## What needs to be done
Please give the whole listing again exactly, without any of its pictures.

## Information provided
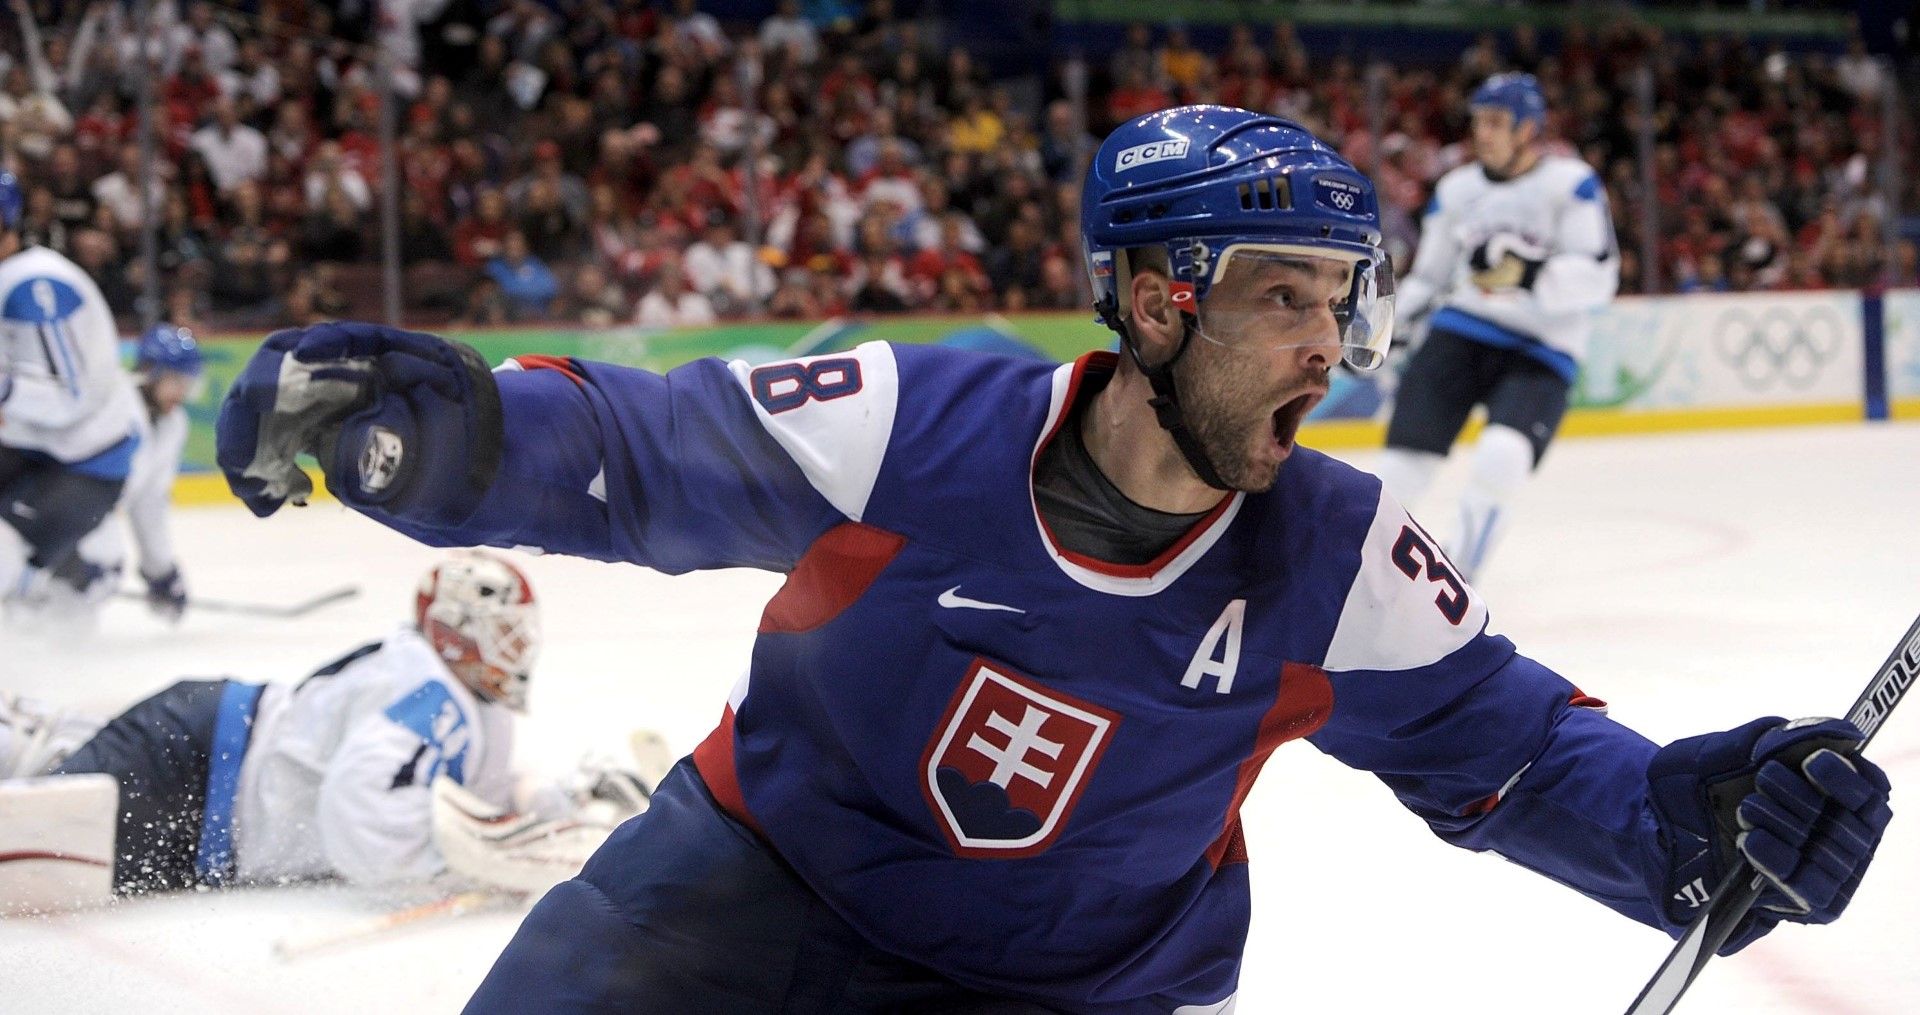 Голямата звезда на този тим е словакът Павел Демитра. Той   прекарва 16 години в американската НХЛ, където има над 300   попадения. Представлява Словакия на 11 големи първенства, а   новината за смъртта му разтърсва цялата страна. По това   време той е най-голямата звезда в родината си, където хокеят   е спорт №1.
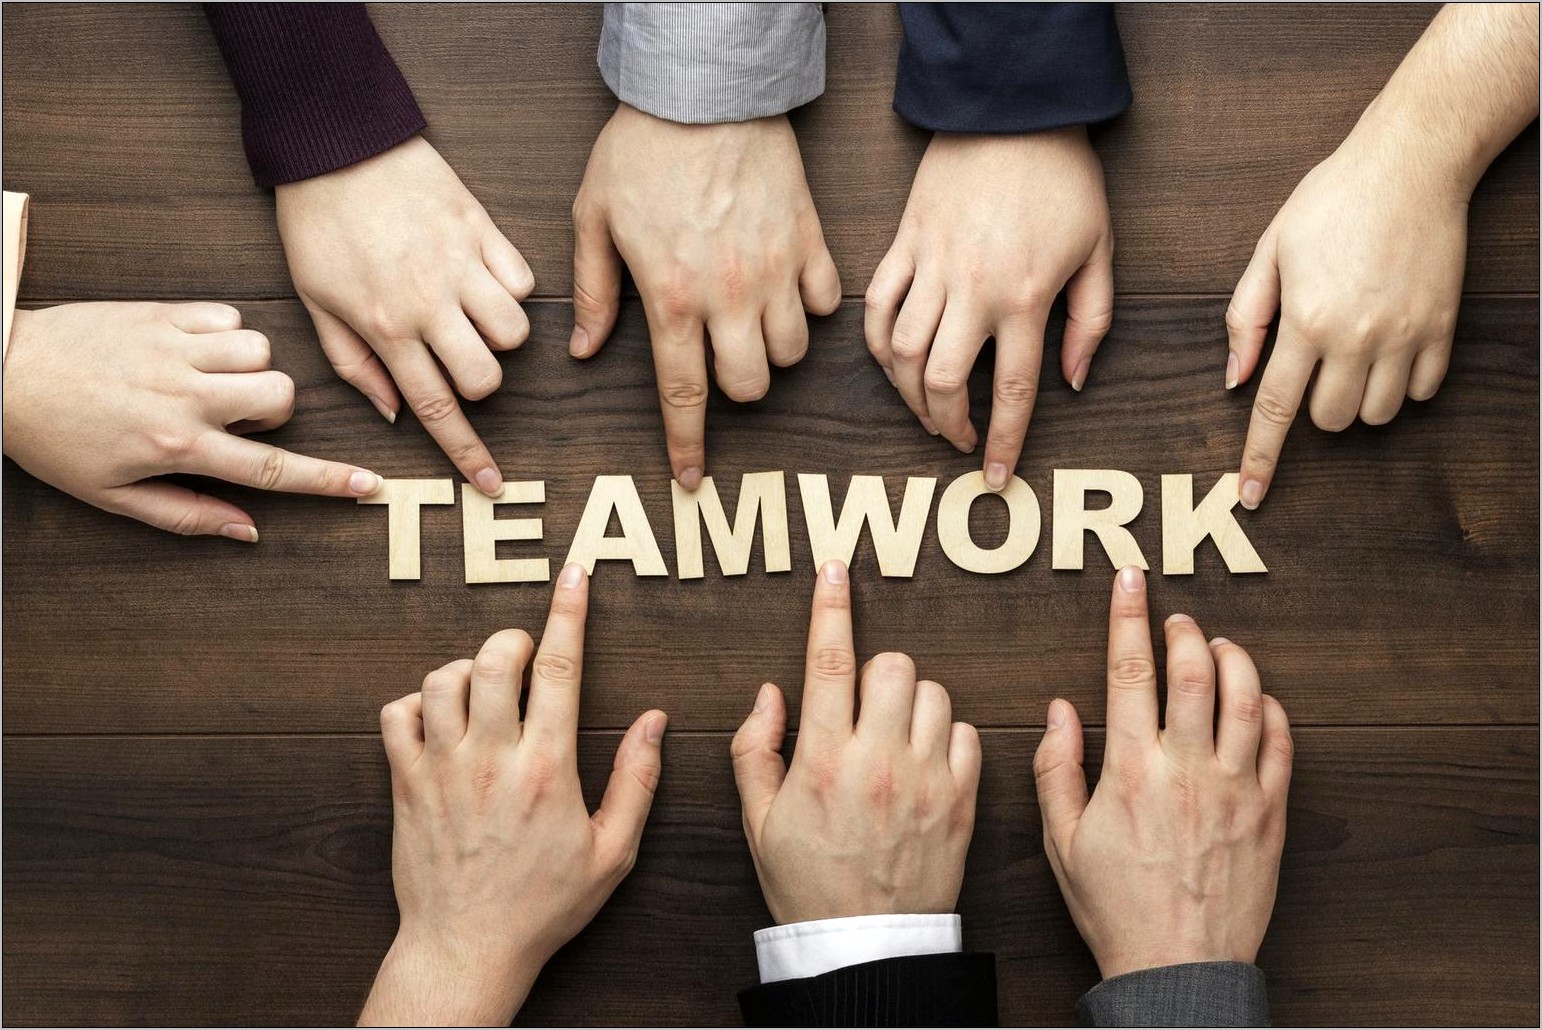 List Of Skills For Resume Teamwork
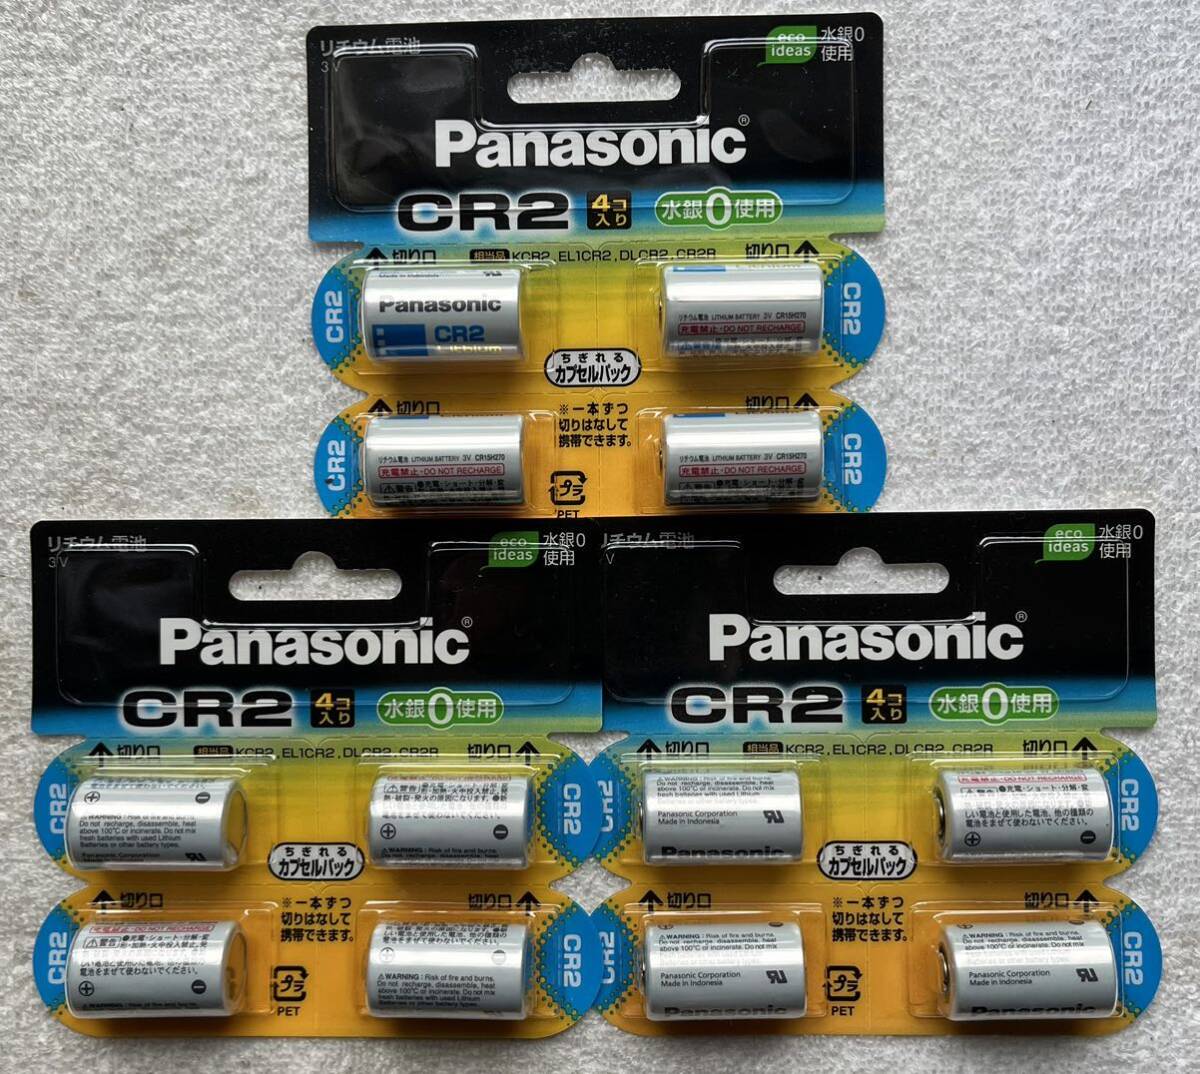 パナソニック Panasonic リチウム電池 CR-2W/4W 使用推奨期限(月-年) 08-2029 12個(4コ入り、3パック)_画像1
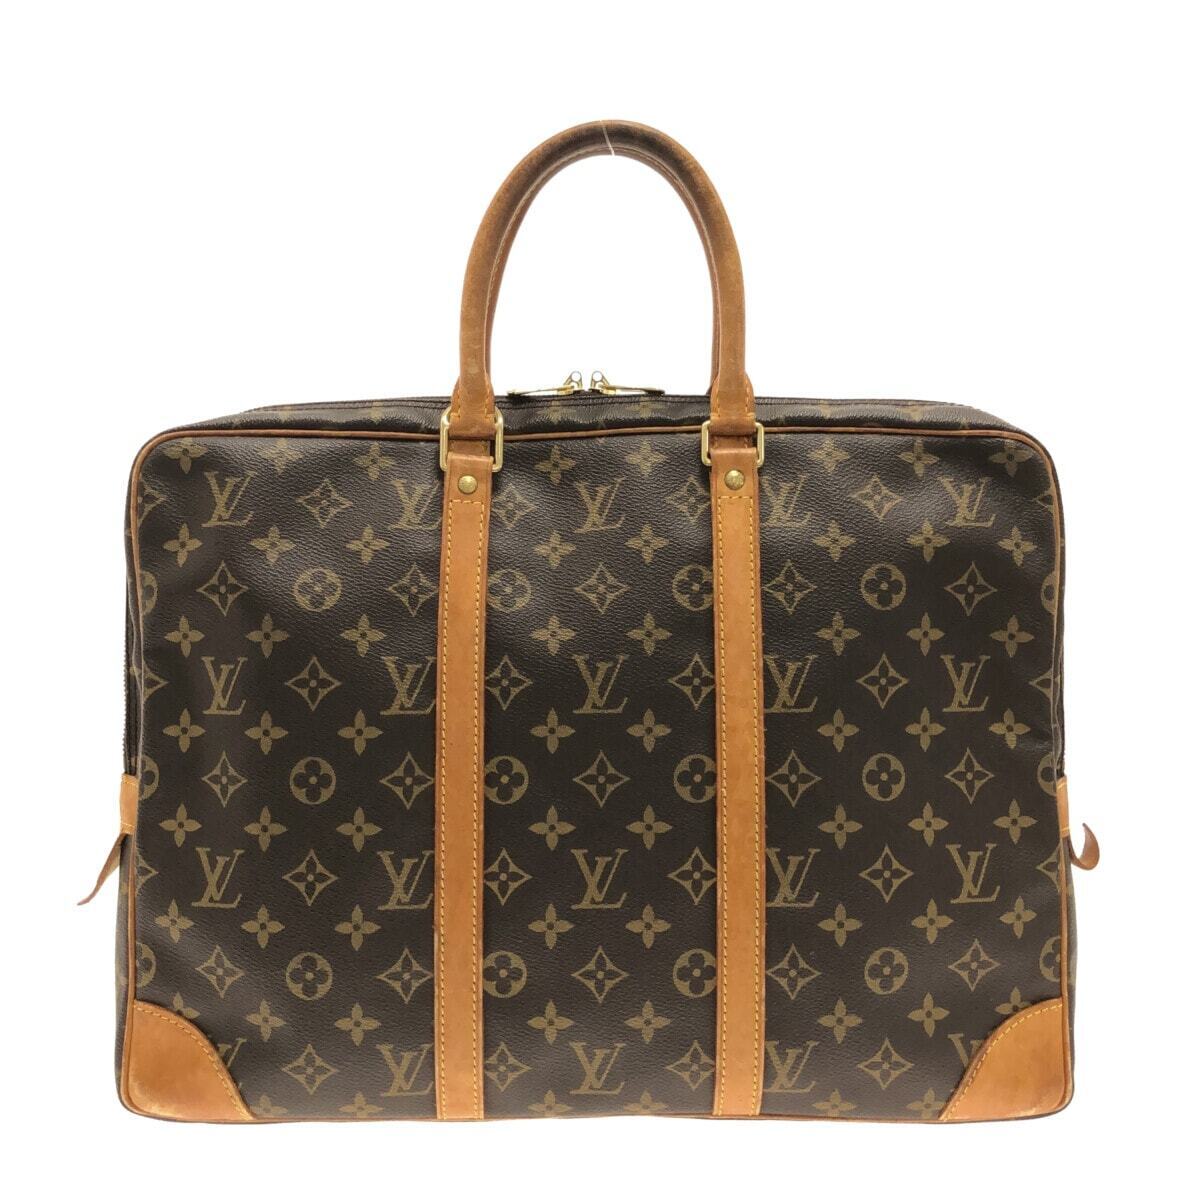 LOUIS VUITTON Porte Documents Voyage Business Briefcase Hand Bag

## Your solution
 Голямата звезда на този тим е словакът Павел Демитра. Той   прекарва 16 години в американската НХЛ, където има над 300   попадения. Представлява Словакия на 11 големи първенства, а   новината за смъртта му разтърсва цялата страна. По това   време той е най-голямата звезда в родината си, където хокеят   е спорт №1.
 List Of Skills For Resume Teamwork
 パナソニック Panasonic リチウム電池 CR-2W/4W 使用推奨期限(月-年) 08-2029 12個(4コ入り、3パック)_画像1
 LOUIS VUITTON Porte Documents Voyage Business Briefcase Hand Bag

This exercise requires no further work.